Near Miss Concept

The key to successful implementation of machine learning is data. A consequence of the low number of failures experienced on the railway network is that training (learning) on such a statistically insignificant dataset is not possible. Heinrich introduced the concept of the safety triangle, See Figure below in which the near miss concept as an indicator of risk was formulated. The idea has been widely applied across a number of industries including rail. The Confidential Incident Reporting & Analysis System (CIRAS) developed at the University of Strathclyde has been implemented in the UK since the 1999 Ladbroke Grove rail crash.

For the near miss approach to make sense there must be direct causal predictors of later, more serious, accidents, this assumption is based upon the common cause hypothesis or the assumption that near misses and accidents have the same relative causal patterns. Wright and Van der Shaaf (2004) tested the hypothesis using data from UK rail industry that included 46 formal inquiry reports, 88 signal passed at danger (SPAD) reports and 106 Confidential Incident Reporting and Analysis System (CIRAS) reports and found that for the rail sector the common cause hypothesis was valid. For model training purposes the GoSAFE RAIL project will develop safety indicators with reference to Directive 2004/49/EC.

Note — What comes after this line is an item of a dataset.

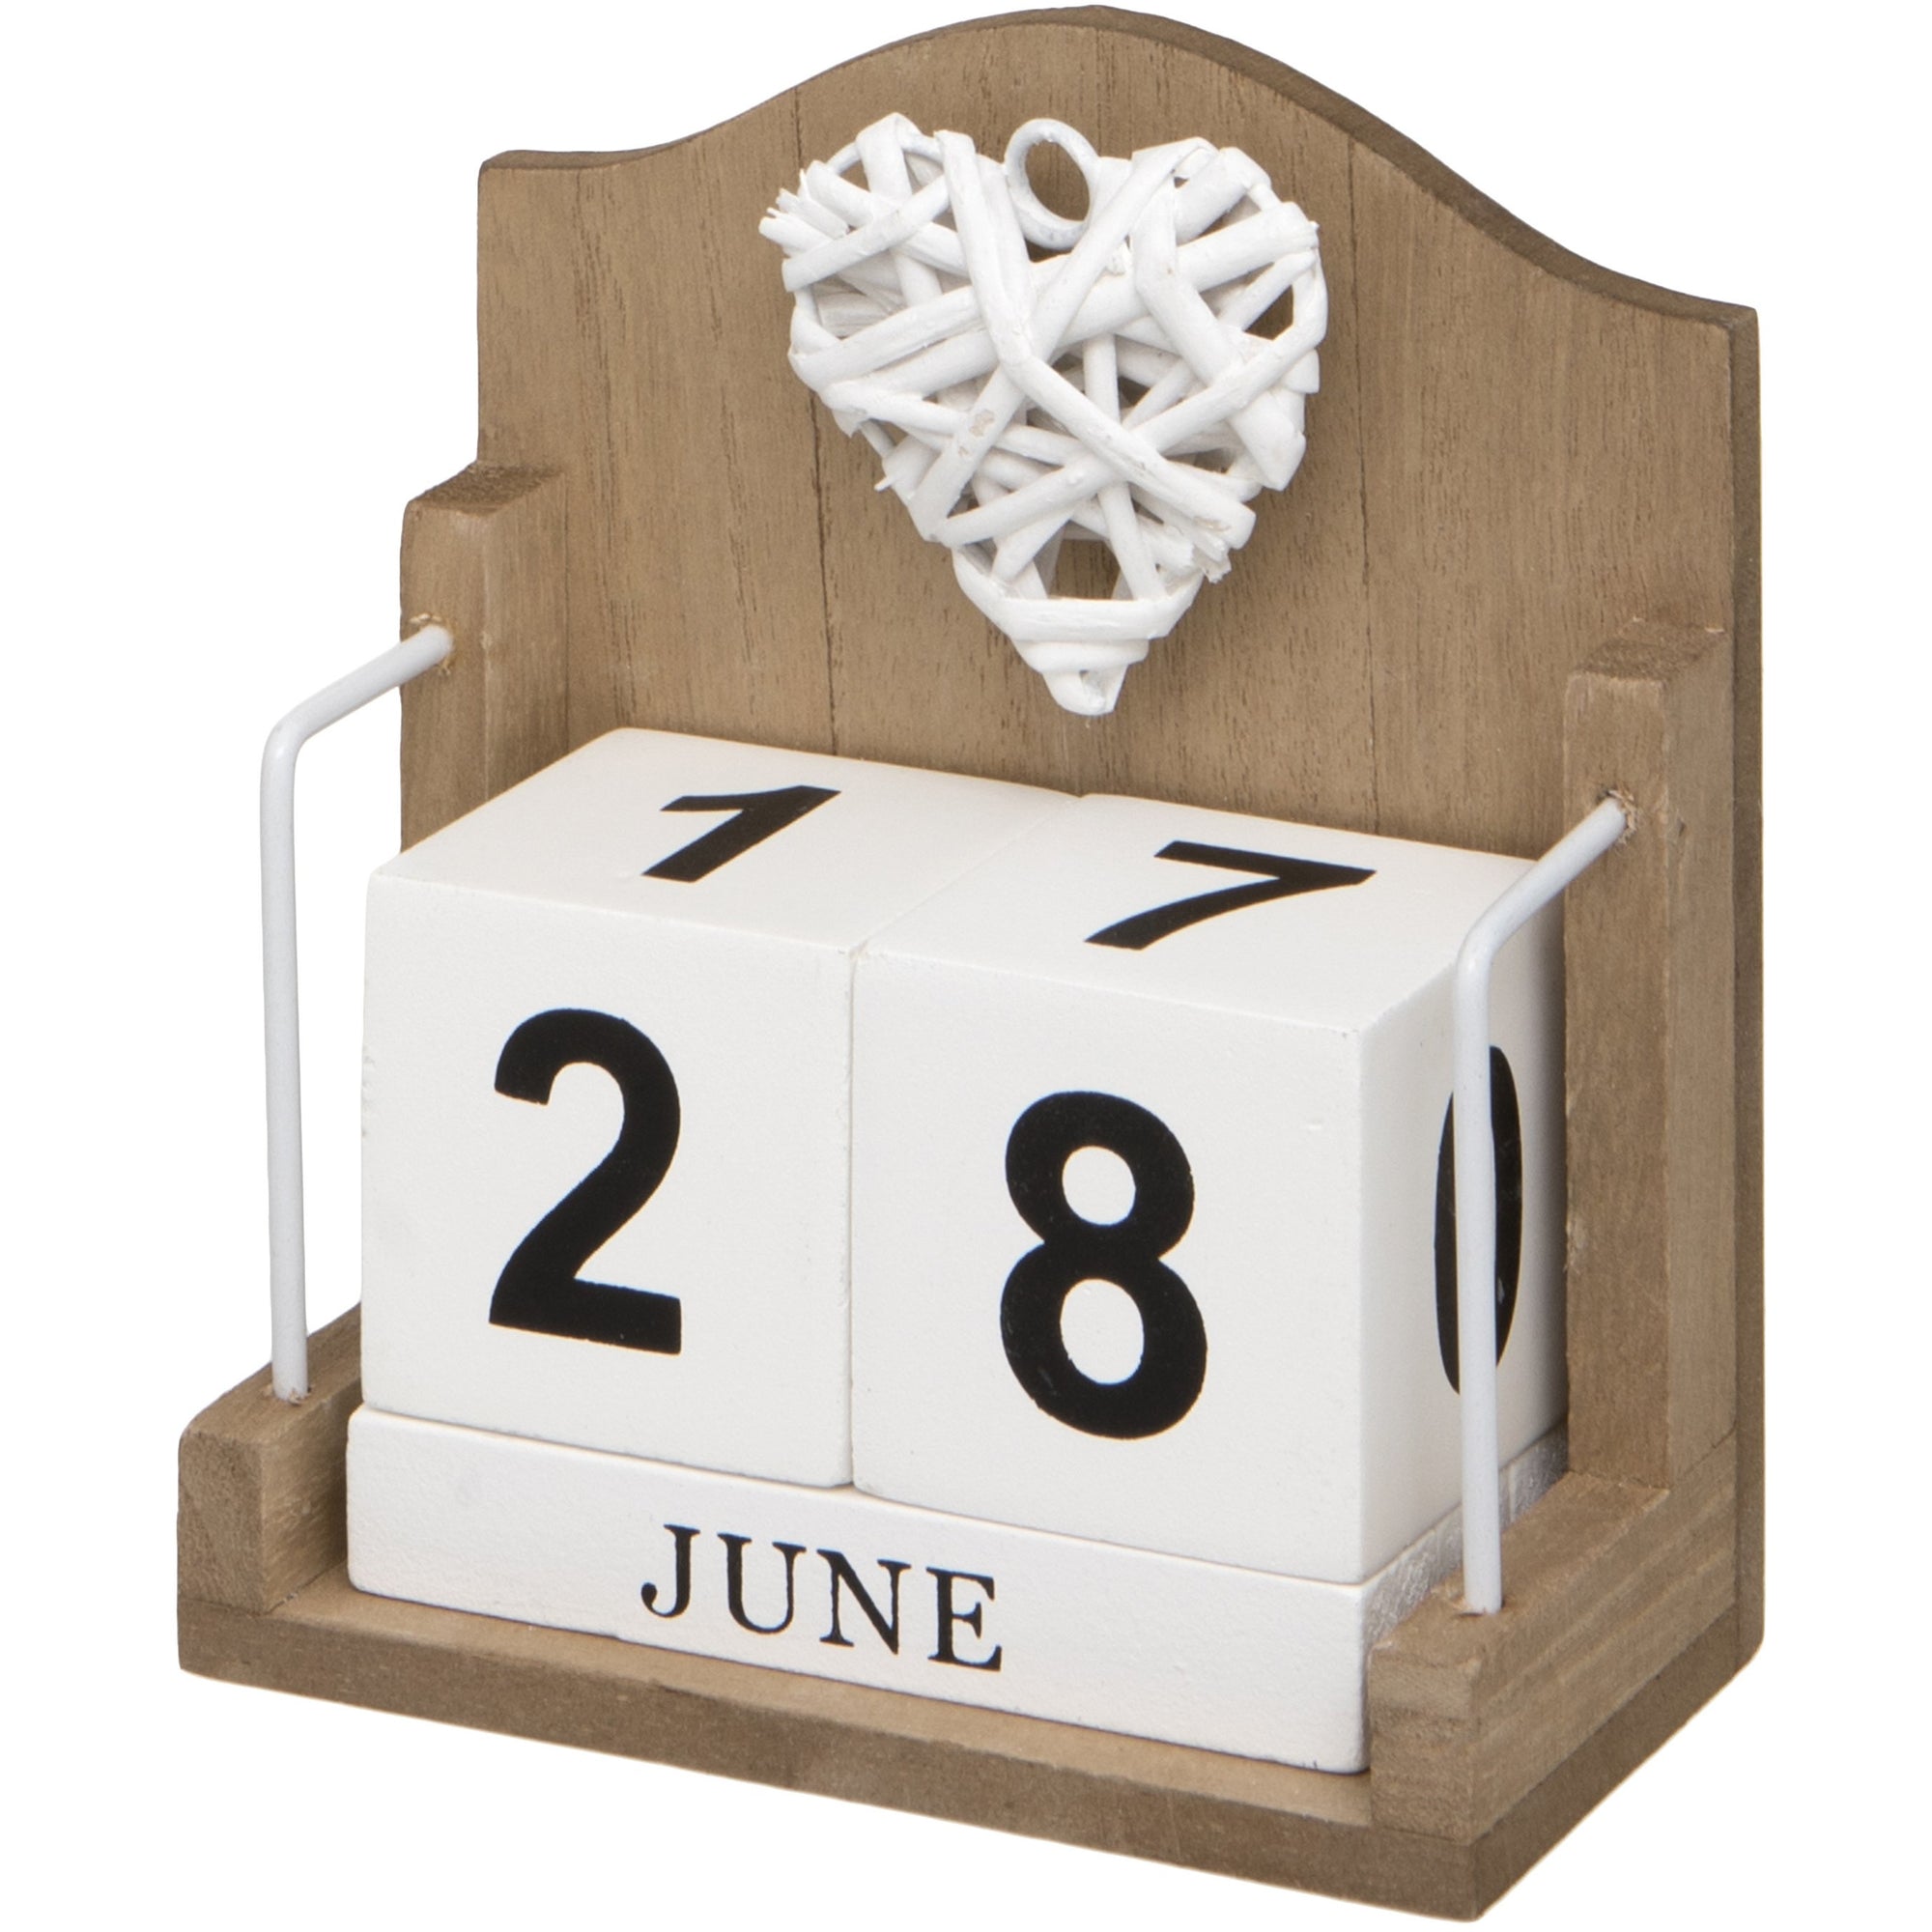 Woven Heart Wooden Perpetual Desk Calendar

The failure mechanism for many failure modes is well understood. For example shallow translational slope failures are becoming a more common problem along many networks. Fourie et al. (1996), Gavin and Xue (2009) and others identify the reduction of soil suction as a result of rainfall infiltration as being the primary cause of these failures. Martinovic et al (2016) analyse data from 500 minor slope failures on the Irish Rail network and using machine learning techniques establish a link between past rainfall and failures, the impact of increased rainfall (or climate change) can then be considered using climate models. In the GoSAFE rail project the researchers will develop these techniques for other failure modes; notably for bridges, tunnels and level crossings.

In addition to the issue related to lack of failure incidents to allow for model training (in an AI sense), another challenge for the application of machine learning on rail networks is that there is unlikely to be a link between consequences and events of a given scale (e.g. a major rainfall event). This is because Railway IM’s routinely use speed limitations to minimise the risk of a train derailment etc. So whilst there may be a link between incident severities there will not be the same link with consequence as the operators manage this risk by operational means (restricting capacity). For example the link between the rainfall and shallow landslides is clear. When periods of high rainfall are predicted IM’s use colour coded rainfall thresholds to control line speeds. Thus the hazard is elevated, however the lower speed reduces the likelihood that a train will collide with a landslide and therefore the risk is reduced. This is an effective solution from a safety (or risk) perspective but inefficient in terms of network capacity. The GoSAFE RAIL project will provide solutions in terms of understanding the hazard better and incorporating better estimates of the risk of failure with the microsimulation of network flows to optimise the risk vs. capacity issue.